Dataset records
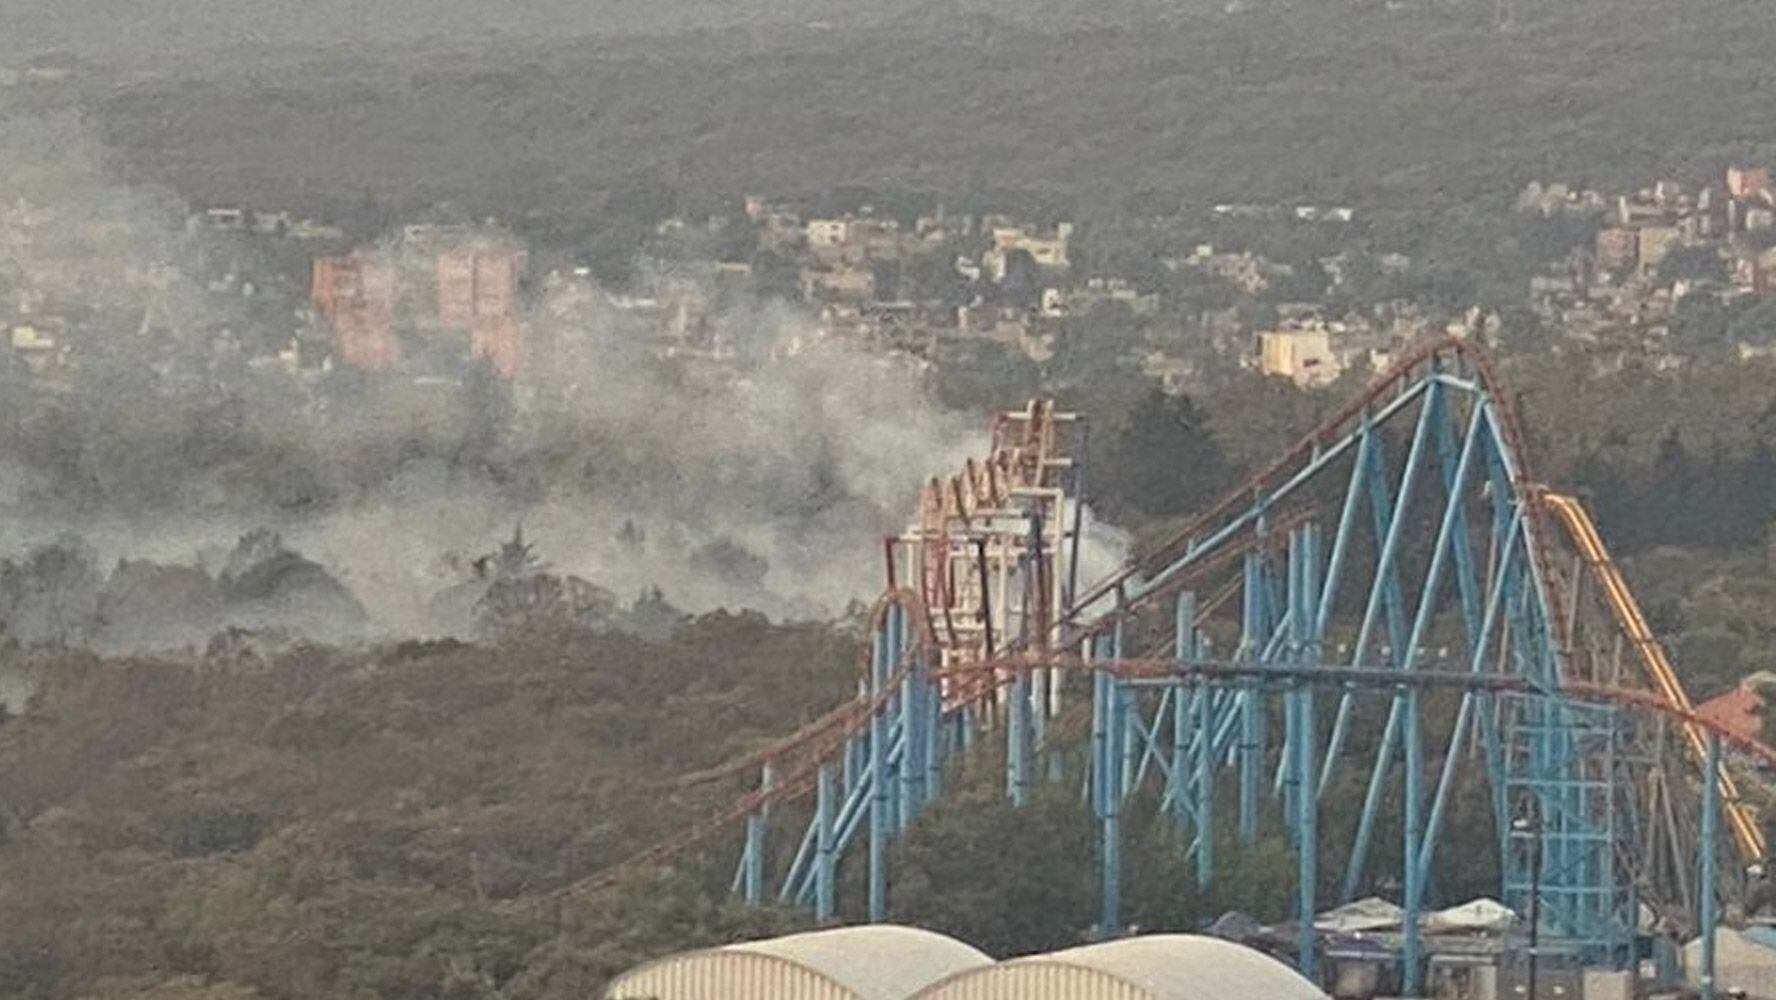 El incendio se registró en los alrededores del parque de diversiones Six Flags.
* * *
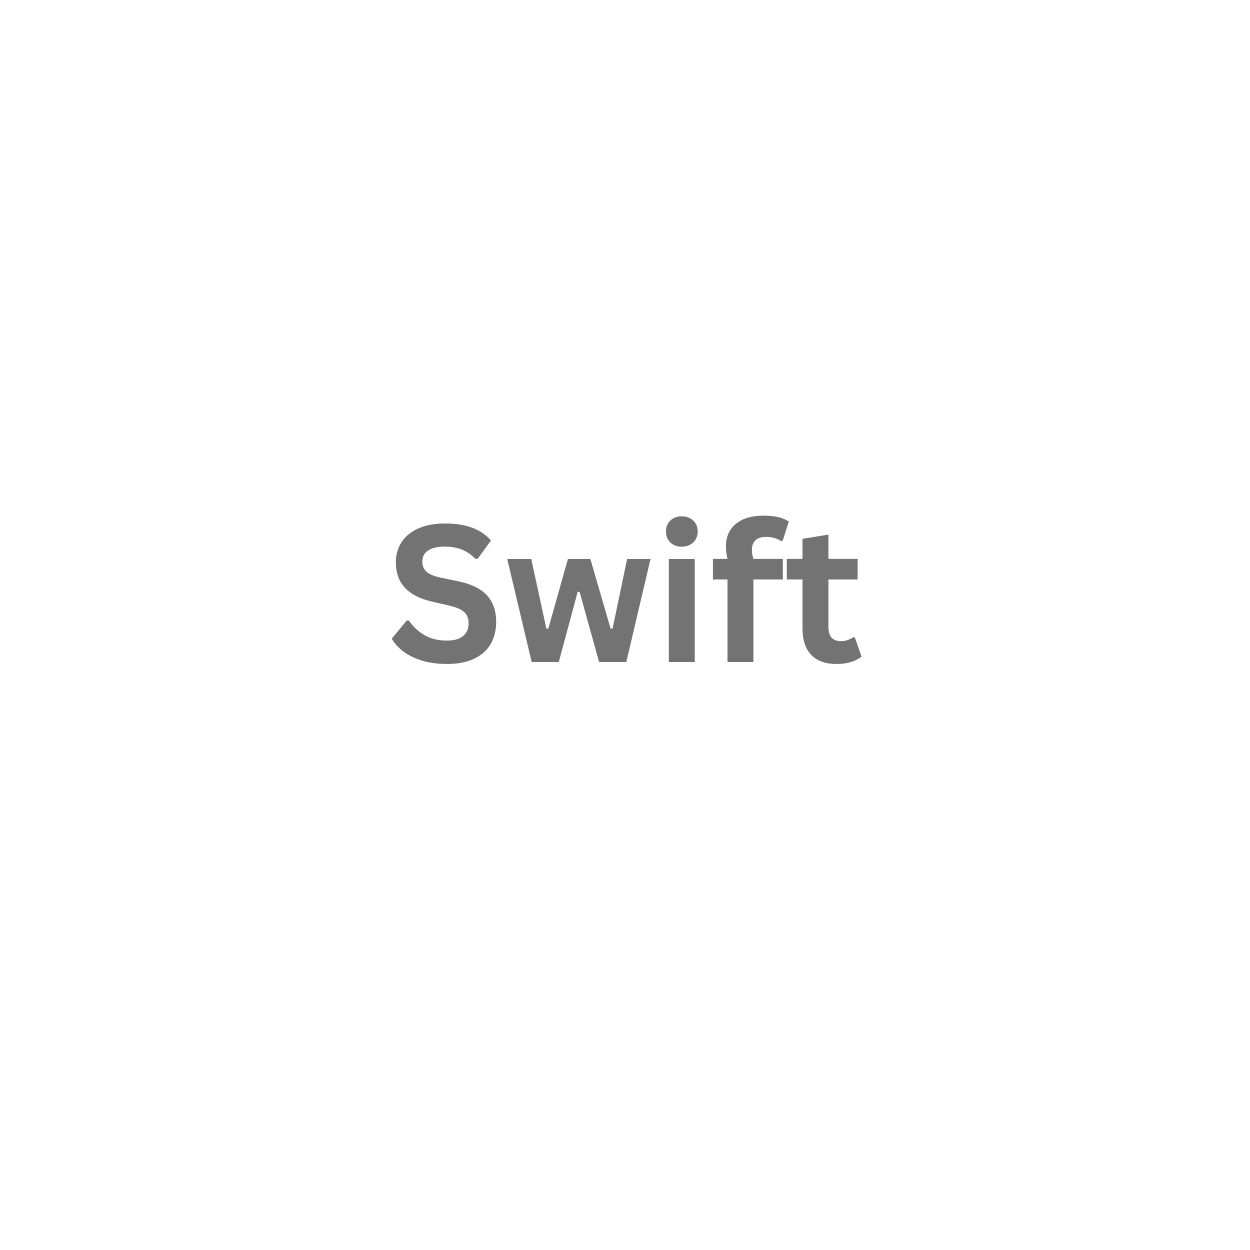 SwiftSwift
--
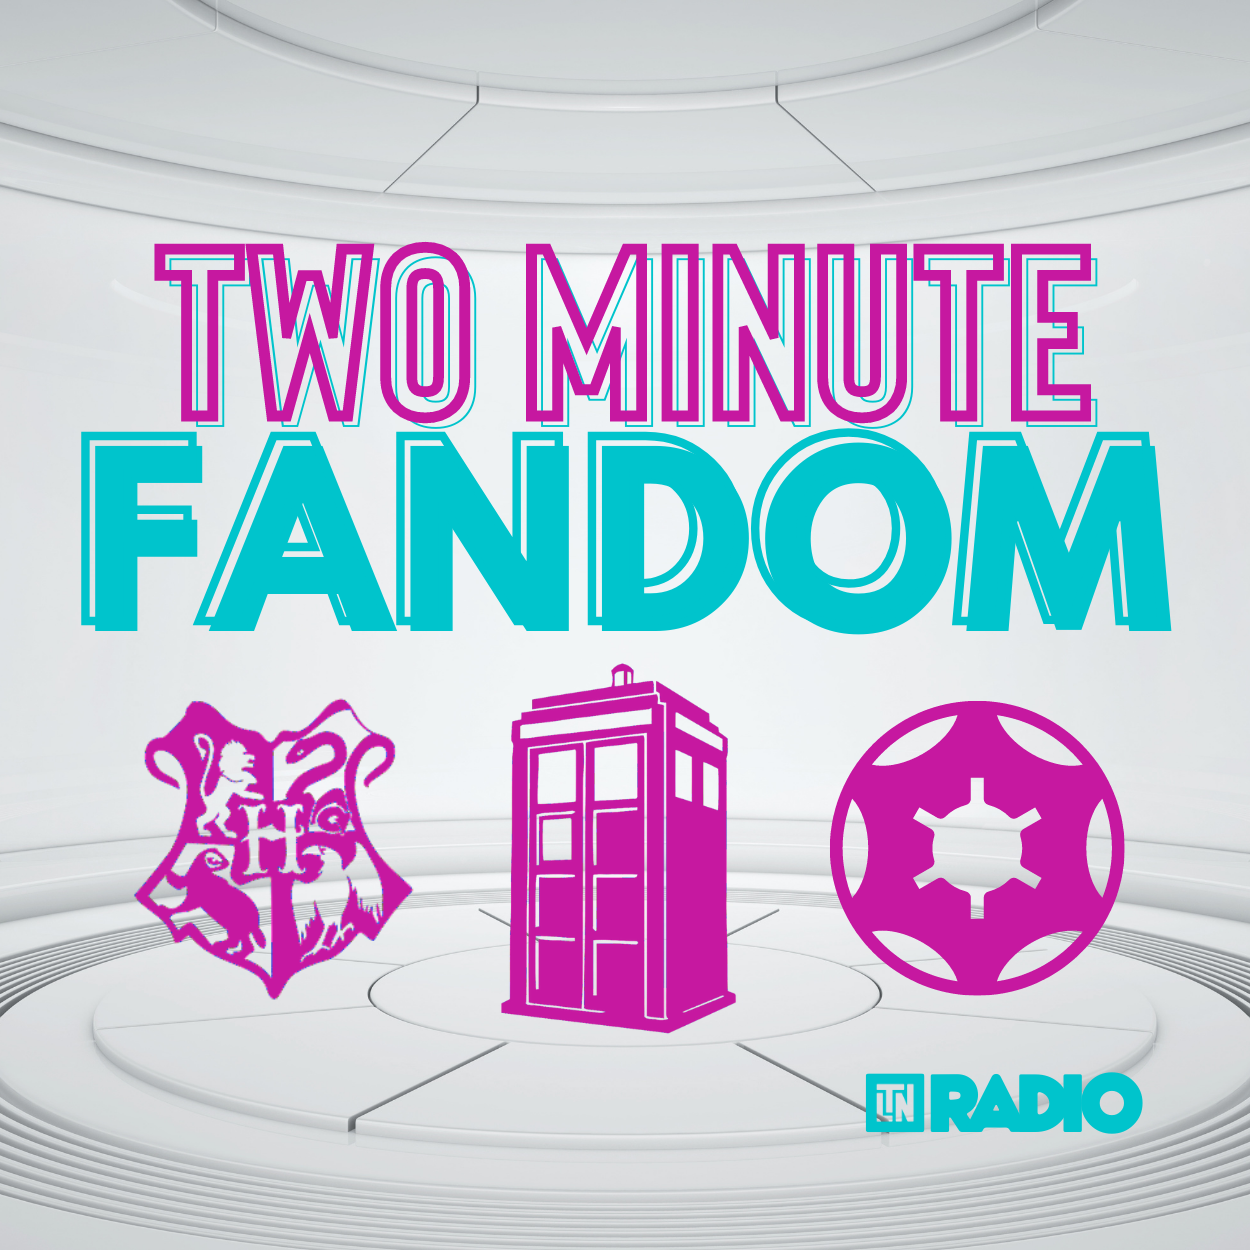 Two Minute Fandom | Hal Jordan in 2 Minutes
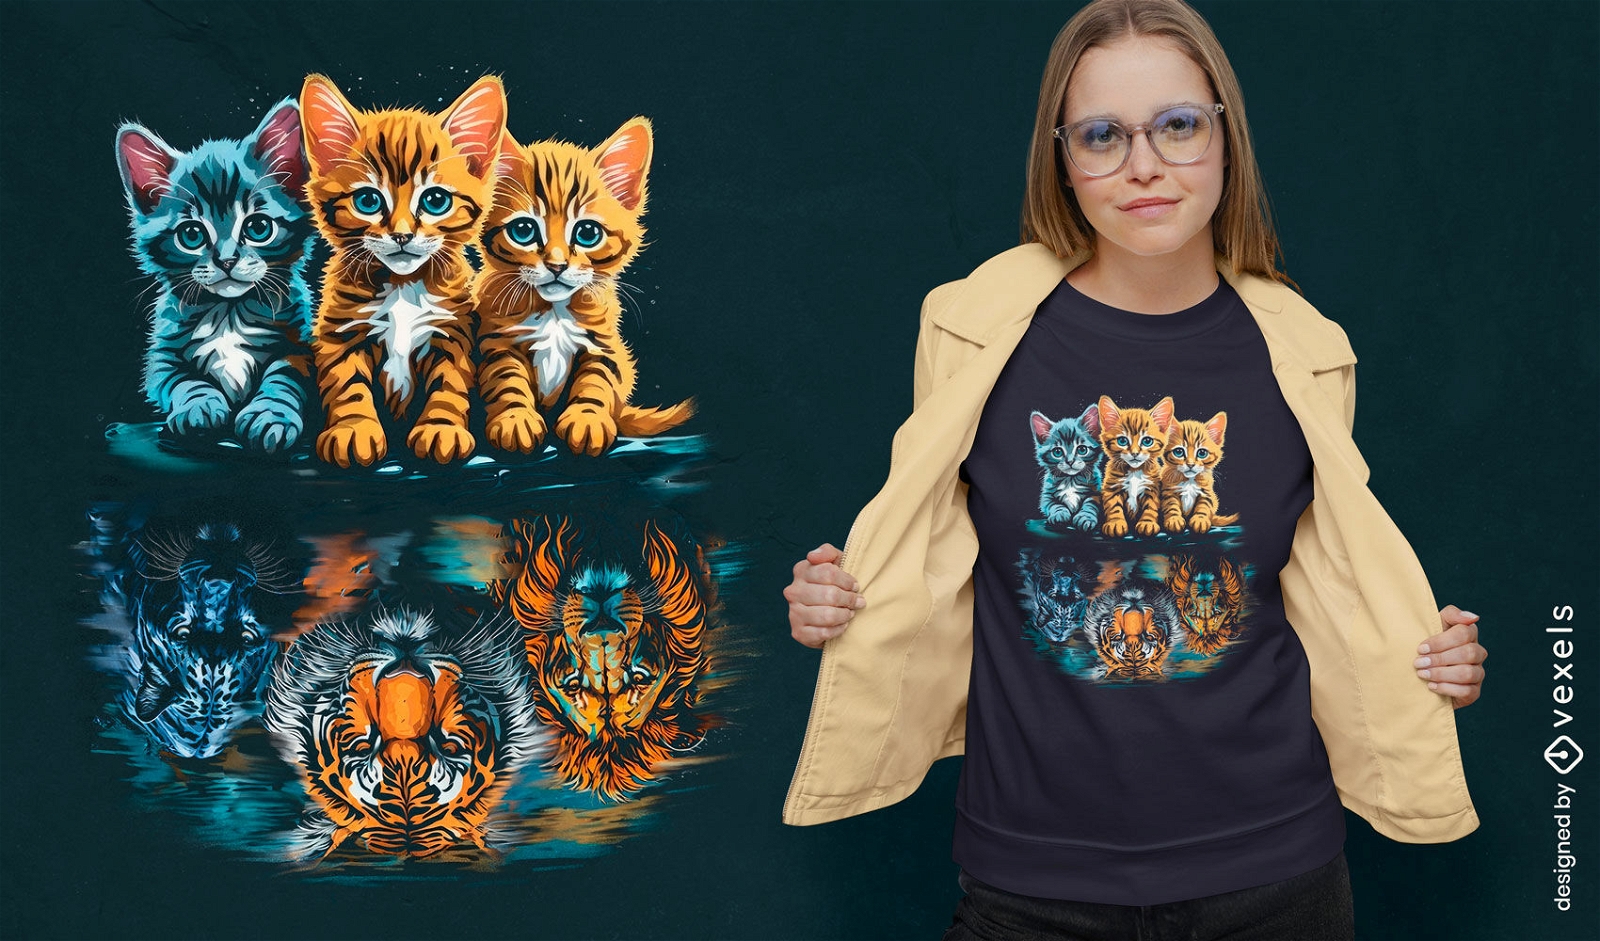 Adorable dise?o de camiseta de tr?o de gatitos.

Aim of the exercise
Find the line with "Two Minute Fandom | Hal Jordan in 2 Minutes" and the line with "Adorable dise?o de" in the records above. Copy both and all lines between them exactly, without pictures.

Result below
 Two Minute Fandom | Hal Jordan in 2 Minutes
 Adorable dise?o de camiseta de tr?o de gatitos.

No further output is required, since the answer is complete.